Starting with the “Fairy Tales,” Sherman began printing her color works in editions of six, with few exceptions. The earlier, rare-to-market “Centerfolds” — only 12 prints in editions of 10 were produced — remain the most expensive, with the “History Portraits” and the mid-2000s “Clowns” earning from the mid-six figures up to $3 million. Beyond these, however, there are several opportunities at lower price points. For example, an early “Bus Rider,” “Untitled #372,” from the 2000 printing, fetched  17,080 ($22,700) at Villa Grisebach in Berlin in November. Series previously dismissed as difficult, such as the “Sex Pictures” of 1992, featuring plastic genitalia and made at the height of the AIDS epidemic, have not fared well in the marketplace and occupy a lower price stratum.

Nussbaum points to high-concept fashion images, which Sherman has returned to periodically over her career, as undervalued. One of these, “Untitled #282,” 1993, featuring the artist as a Gaultier-clad Medusa figure, reached a mid-estimate $818,500 at Sotheby’s New York in November.

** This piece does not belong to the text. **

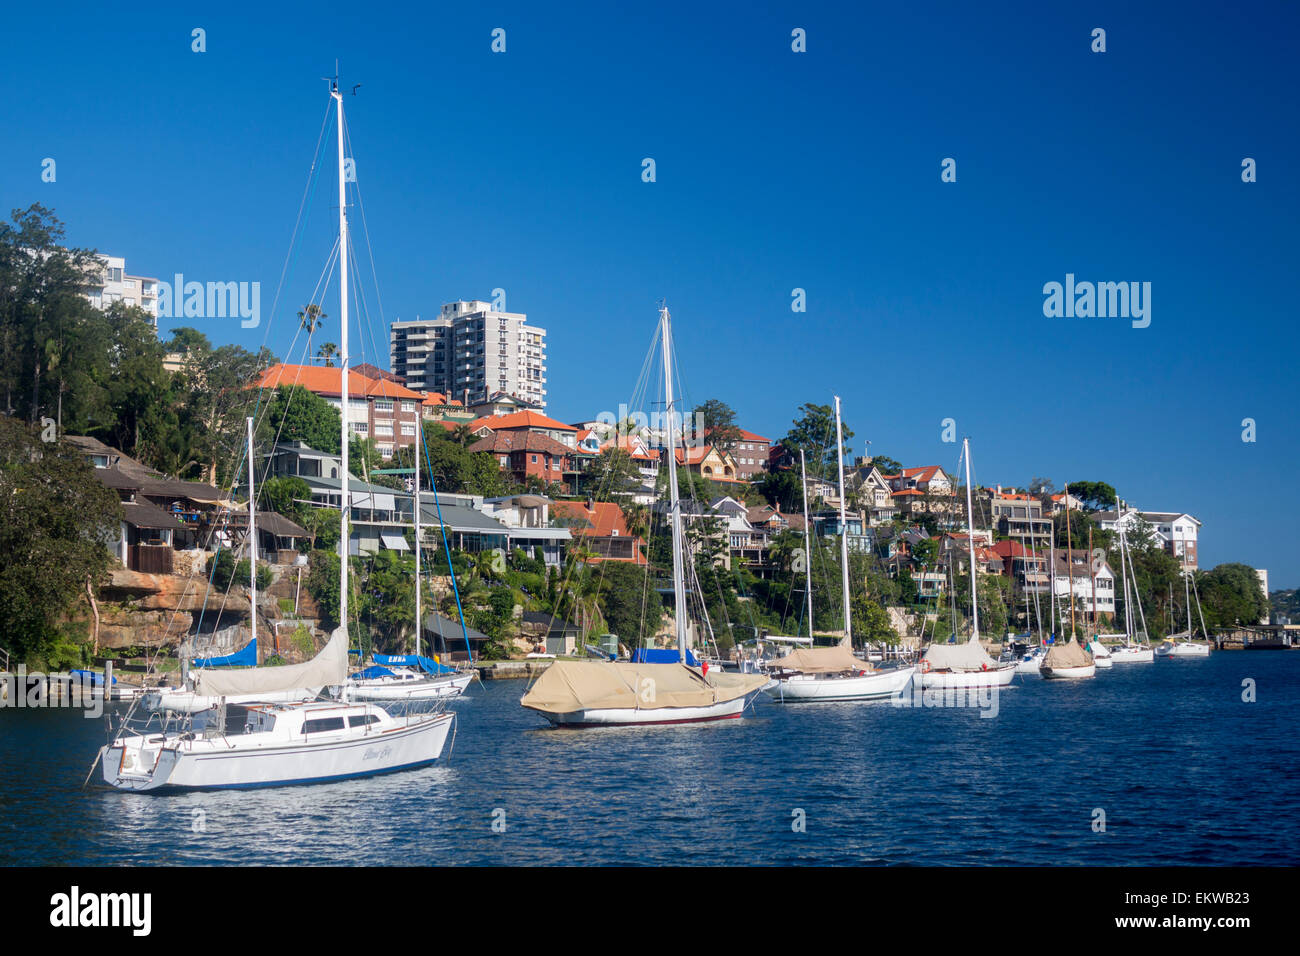 Mosman Harbour or Mosman Bay with boats, looking out to Port Jackson North Shore suburbs Sydney New South Wales NSW Australia Stock Photo

Massad suggests a 1980 series of rear-screen projection images, printed in editions of five, in which Sherman’s Everywoman poses in front of filmic scenery, as a “vastly underrated” category. “Some examples have a wonderful sense of color and mise-en-scène,” he says, noting that their technique cribs from director Alfred Hitchcock — “a very important influence on the artist.”

Sherman’s most recent works — first shown at the Pinchuk Art Centre in Kiev and the Metro Pictures booth at Art Basel in summer 2010, later at the 2011 Venice Biennale — return to the idea of figures disassociated from their backgrounds. With subtle digital manipulations to her face, she is pictured as various characters on a wallpaper-scale, Toile de Jouy-like surface that is custom-sized to fit the installation site. Several have sold, at prices ranging from $175,000 to $300,000 per wall, depending on the number of figures and size of the wall; they will have their American debut at MoMA.

The nearly unanimous opinion is that Sherman’s market success, far from diluting her vision, has allowed her to pursue it without fear of consequence. As Nussbaum says, “She’s not affected by the market and is unafraid to do things that are difficult or challenging.” Reiring adds, “Her prices have risen gradually over the years, and most important is the quality of work she has continued to do over a long career… she continues to evolve and not repeat herself.” In fact, the key to Sherman’s resilience may be the freedom her success affords her: a rich paradox, just like her images.